The first challenge is the continuation of policy programs. In his book, Boulevard of Broken Dreams: Why Public Efforts to Boost Entrepreneurship and Venture Capital Have Failed—and What to Do About It (Note 7), Professor Lerner points to the need to allow sufficient lead time. Indeed, it often takes several years for a policy measure to take root. In particular, in the case of policy programs designed to create an ecosystem for fostering human resource development or new industries, it may be several decades before they start delivering intended results. Short-lived policy programs are problematic from the viewpoint of analysis because they disallow and fail to provide sufficient chronological analysis.
However, the reality in Japan is that policy programs are rather short-lived, typically, replaced by other programs in three to five years. Some of those financed by supplementary budgets last for only one year. Continuing policy programs for the sake of enabling their evaluation is like putting the cart before the horse. Still, I believe that we should take this opportunity to correct the excessive short-termism in government policies observed in recent years, as evidence-based policymaking gathers momentum and the relationships between the continuation of policy programs and their effects become evident.
The second challenge is the reflection of policy evaluation results.
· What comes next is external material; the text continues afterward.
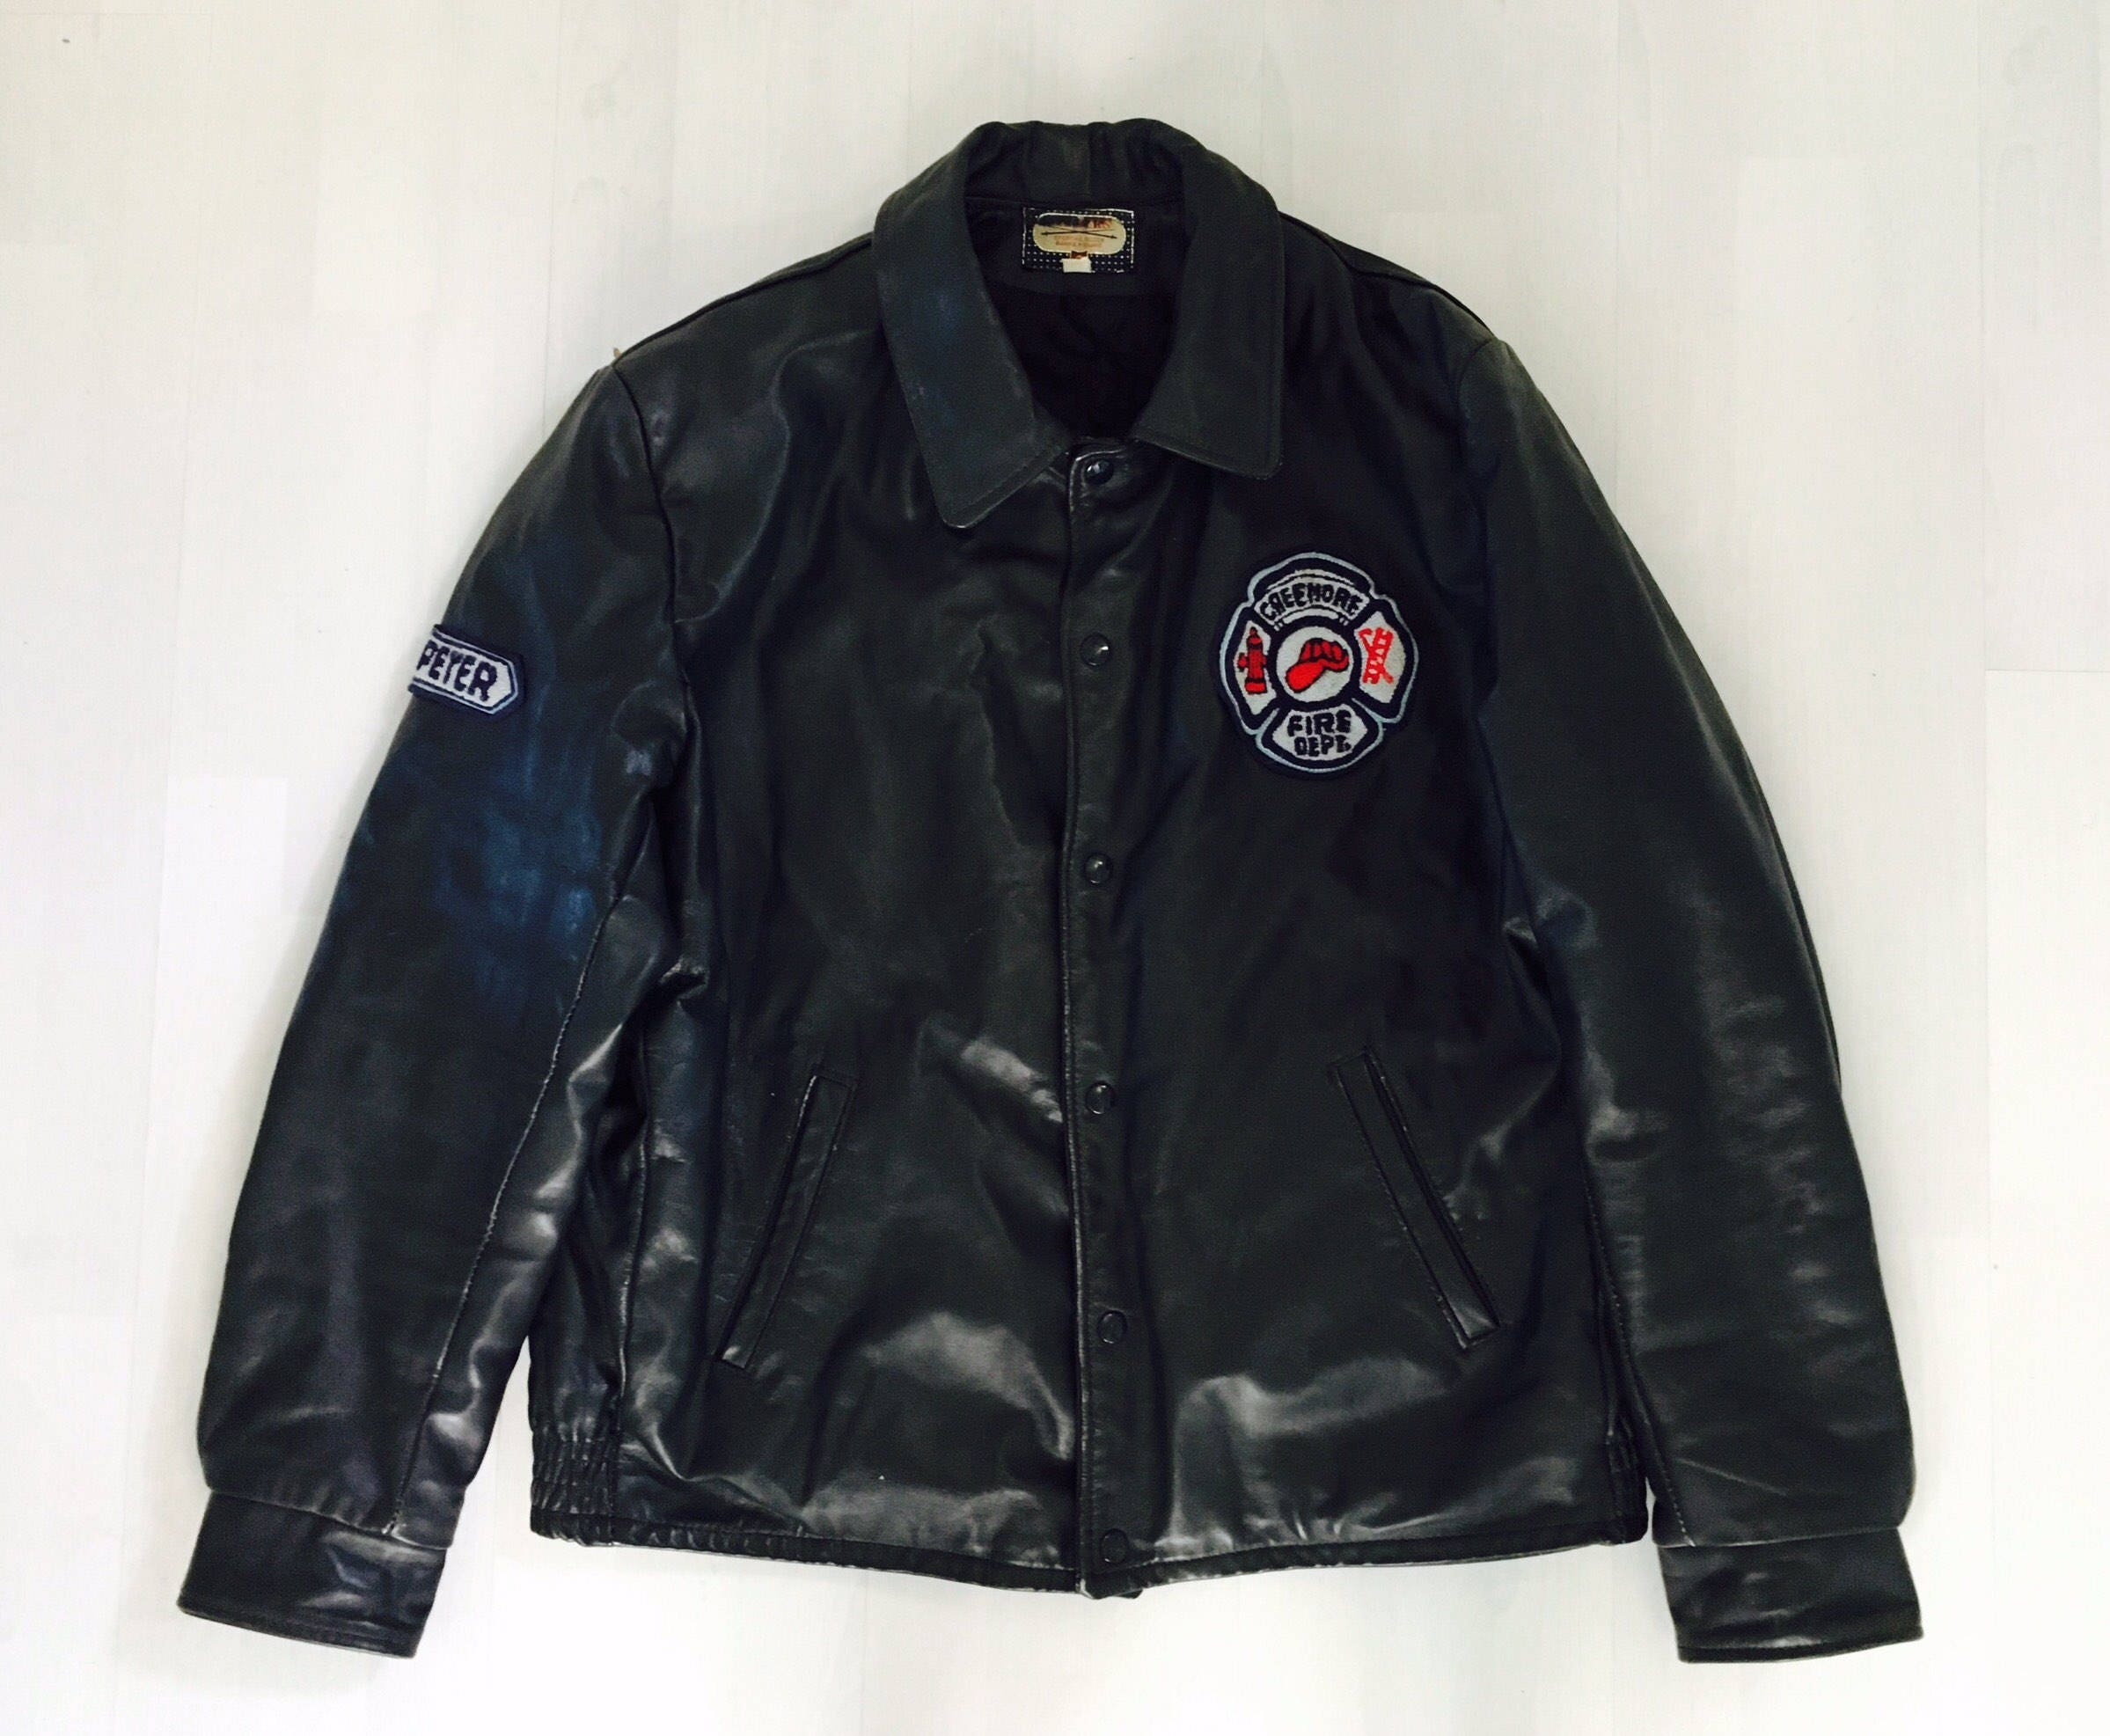 VINTAGE Leather Fire Department Jacket Creemore Fire Department Dark Navy Leather Jacket

Under the current system, which calls for screening budget proposals and reviewing public projects, we tend to fail to utilize policy evaluation results fully. Although public projects and policy programs are subject to yearly review, it seems as if cutting and/or eliminating budget allocations were the sole purpose of such review. I have never heard an episode of any project highly evaluated and thus awarded a significant increase in budget. It is important to eliminate wasteful spending. However, it is also necessary to expand and/or maintain over a long time those policy measures proven effective. Shifting from the demerit system to the merit system to provide an incentive by properly rewarding good policies would prompt practitioners to engage in policy evaluation proactively.
As discussion on evidence-based policymaking deepens, I expect to see the full implementation of policy evaluation utilizing new analytical techniques. When that happens, new policy programs will be formulated based on the evaluation of past ones, enabling the government to deliver greater effects of its initiatives. As a policy program practitioner, I would like to engage in proper evaluation of programs in which I was involved.